The start of Washington County’s long-awaited Republican presidential caucus was still more than two hours away, yet there the Honlomarrs stood Saturday at the entrance to Washington Academy, with a 40-mile drive from Calais under their belt and unbridled anticipation in their eyes.

“We believe there’s going to be a huge turnout,” predicted Cheiro, 72, “and there’s going to be a lot of Ron Paul people here.”

He was right; but alas, there weren’t enough to nudge Paul past Mitt Romney for bragging rights — and not a whole lot else — in Maine’s nonbinding Republican presidential preference poll.

In the end, 306 Washington County Republicans trooped here for a caucus that was postponed by snow last weekend and, in the process, attracted the attention of an entire nation. (In the distant town of Danforth, another 13 party faithful caucused on their own.)

The results: 167 votes for Paul, 86 for Romney, 59 for Rick Santorum, five for Newt Gingrich and two for “other.”

Meaning Paul’s 81-vote win — along with a 25-vote win at a late caucus in neighboring Hancock County — fell far short of the 240 votes he needed to win Maine’s never-ending, never-to-be-forgotten 2012 GOP presidential straw poll.

Did it matter?

Yes and no.

Romney remains the winner of what embattled Republican State Chairman Charlie Webster famously reduced to a “snapshot in time” before it dissolved last week into a hazy collage of ever-changing vote counts.

But Paul could still come out on top in the only tally that really matters — the election of Maine’s 24 national delegates at the state GOP convention in May.

Beyond the partisan nuts and bolts, however, this day had a bigger meaning for those who believed last weekend that their postponed caucus would still count — only to be told by Webster and other state party officials that it wouldn’t.

That decision, now likely to be reversed when the Republican State Committee meets on March 10, clearly played a role in attracting close to triple the number who turned out during the last GOP presidential poll, in 2008.

“We should write to thank Charlie Webster. We should write to thank him,” chuckled Paul Madore, Maine chairman for the Ron Paul campaign, as “Ron Paul 2012” signs sprouted in the small snowbanks outside the building and a steady stream of supporters poured through the door.

For many, this was a first.

“I like (Ron Paul’s) ideas and I think he needs all the help he can get,” said John Peterson, 66, an independent from Machias who enrolled as a Republican upon arriving.

It’s a wonder they let him in. Peterson, 66, had no sooner joined the GOP when he wondered aloud whether Paul, when it’s all said and done, might not make a good running mate for President Barack Obama.

“This is my first experience at doing this kind of thing,” Peterson conceded with a grin.

Linda Schaitberger came down from Cathance Township with her 17-year-old granddaughter, Alexandria Snetsinger, after hearing about all the hoopla last week.
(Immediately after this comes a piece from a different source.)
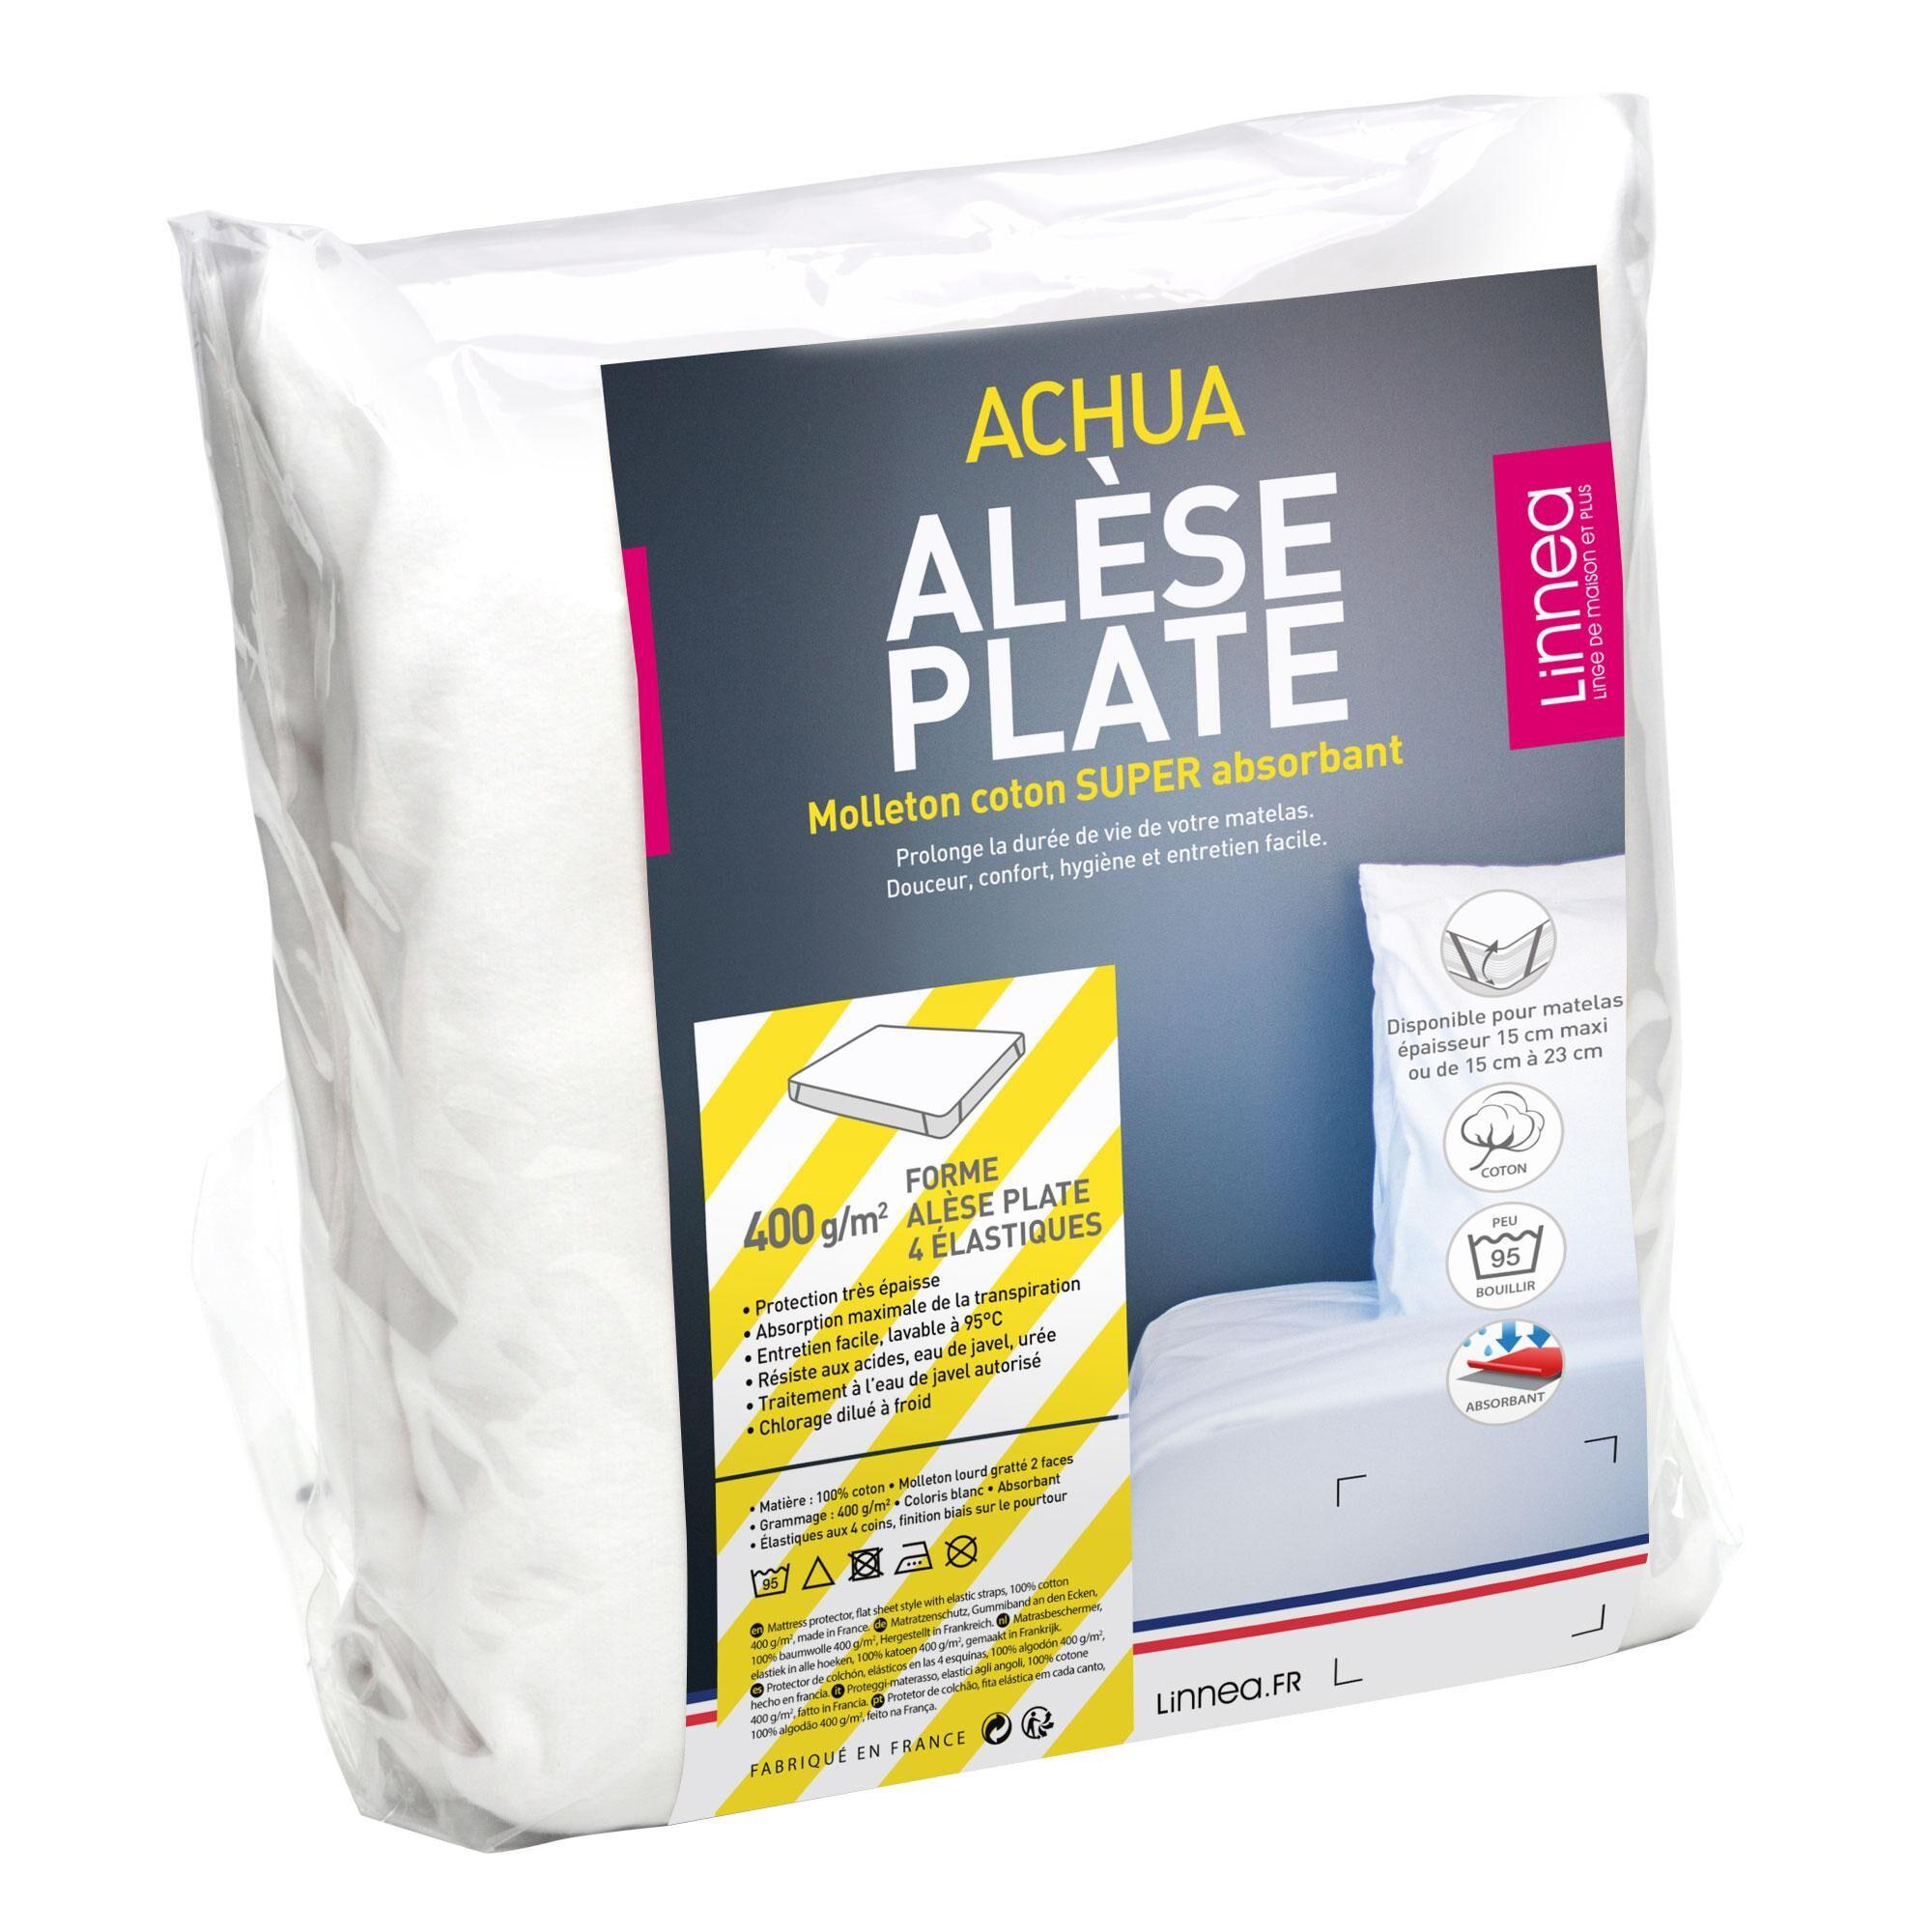 Linnea Alèse plate 60x120 cm ACHUA Molleton 100% coton 400 g/m2 matelas 15cm maxi

“It was the fact that they were throwing out our votes — that bothered me intensely,” said Schaitberger, a longtime Republican and also a Paul supporter.

Her discomfort, it turned out, had only just begun.
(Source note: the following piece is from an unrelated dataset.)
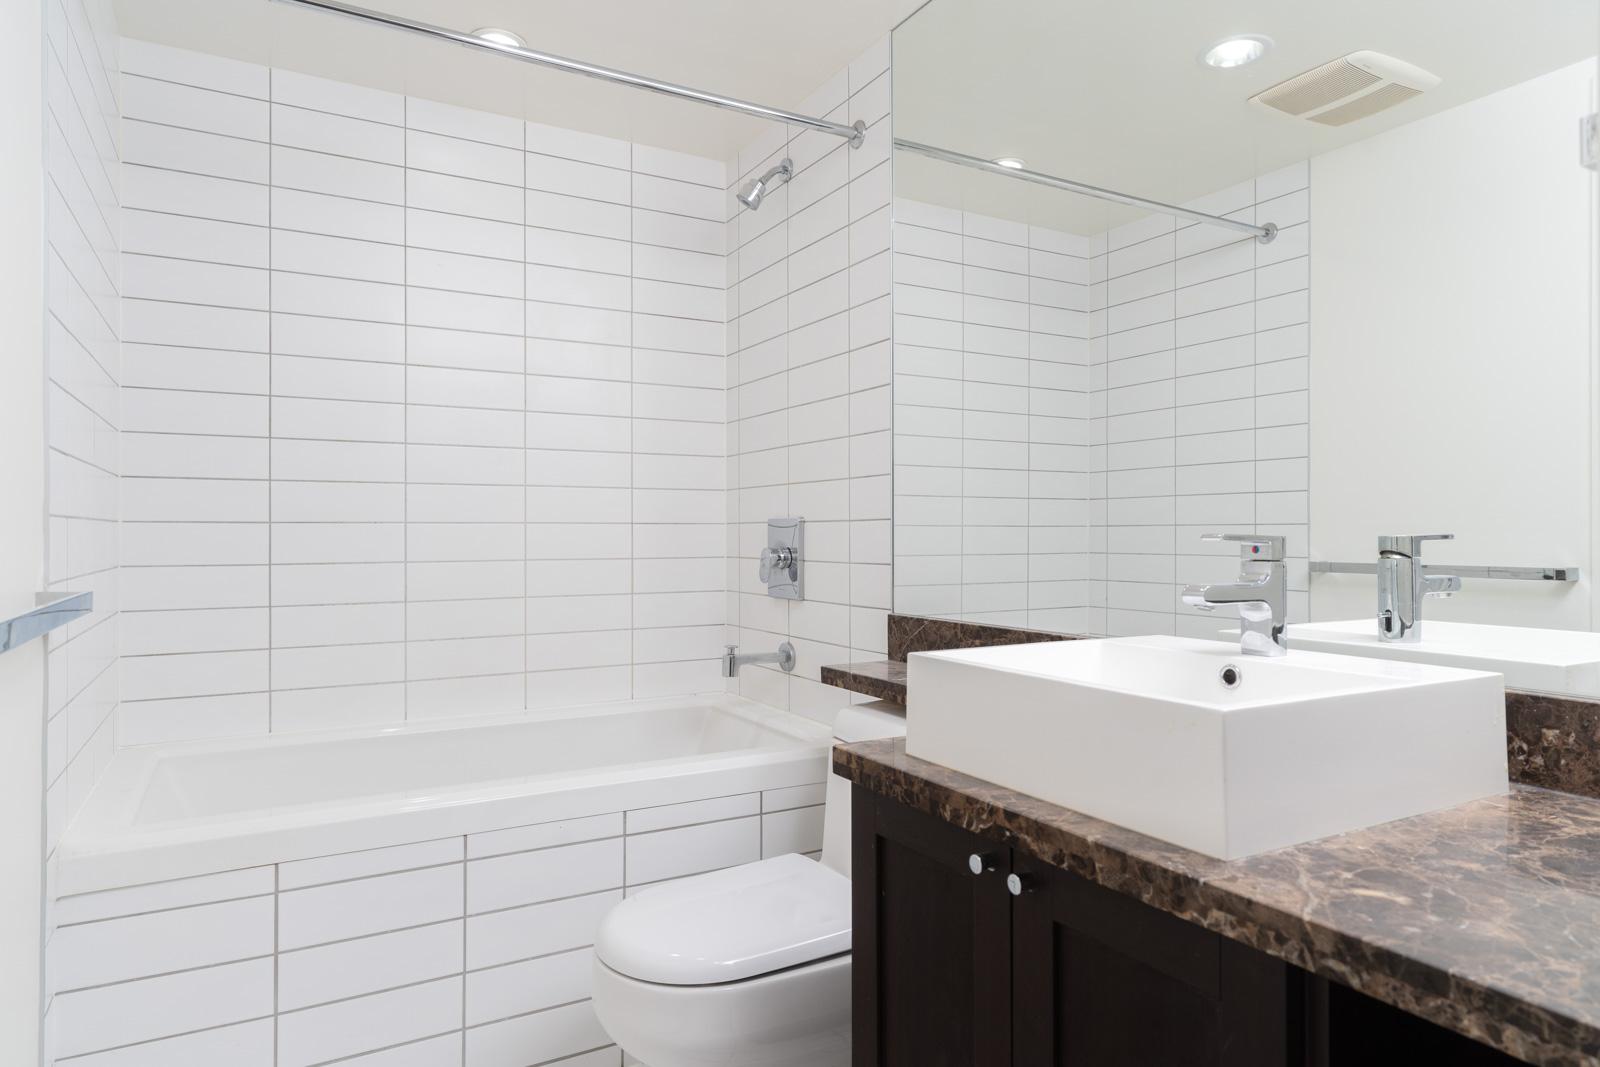 Bathroom with white walls and bathtub

As her granddaughter signed up to vote for the first time (because she’ll be 18 before November, Alexandria can register now), Schaitberger found herself listening dumbfounded while party officials explained that no one from Cathance Township had formally called a caucus.

Translation: Neither Schaitberger nor her daughter could participate in Saturday’s proceedings.

“I’m going to call this party the ‘Republicannibals,’ because that’s what they’re doing to their own people,” Schaitberger muttered. “I’ve been a Republican for 50 years and I will never vote Republican again – in Maine, at least.”

Occasional glitches aside, though, this gathering was a model of organization. Scheduled to run three hours, it was over in just two hours and 40 minutes.

And while the cheering was clearly loudest for Mark Willis, who spoke on behalf of Paul, polite applause greeted even the young woman who stood up for Gingrich and apologized for having no prepared speech.

“That’s not easy,” one older woman said to her neighbor as the lonely Gingrich spokeswoman left the stage. “She’s a brave girl.”

The vote, when it finally came, surprised no one. And as they all shook hands, slapped one another on the back and headed out into the cold, it was clear that even in the glare of the national spotlight — did you hear the New York Times was here? — this much-ballyhooed event began and ended as a gathering of friends.

Debbie and Bob Atwood of Machias, both Romney supporters, showed up at their first caucus not knowing what to expect. The next thing they knew, Bob Atwood had been elected to serve as chairman of the Machias table.

Alas, the Atwoods’ guy lost.

“I wish (Romney) had won; I really do. But what are you going to do?” Debbie said wistfully. “Ron Paul has made such a showing here in Maine. I think that made quite a bit of difference.”

Of course, there still will be hell to pay for all those caucuses elsewhere in Maine that went uncounted for days, and for the maddening inability of Webster and other party leaders to come up with a logical set of rules — not to mention hard numbers — and stick with them.

There also will be a debate on whether the caucuses, with all their quirkiness, should give way to formal presidential primaries like so many other states do.

But God help anyone who still thinks what happened here Saturday didn’t matter or, perish the thought, shouldn’t count.

“I have zero, zero worry that this is not going to be counted,” said an exuberant and noticeably relieved county Chairman Gardner. “Zero worry.”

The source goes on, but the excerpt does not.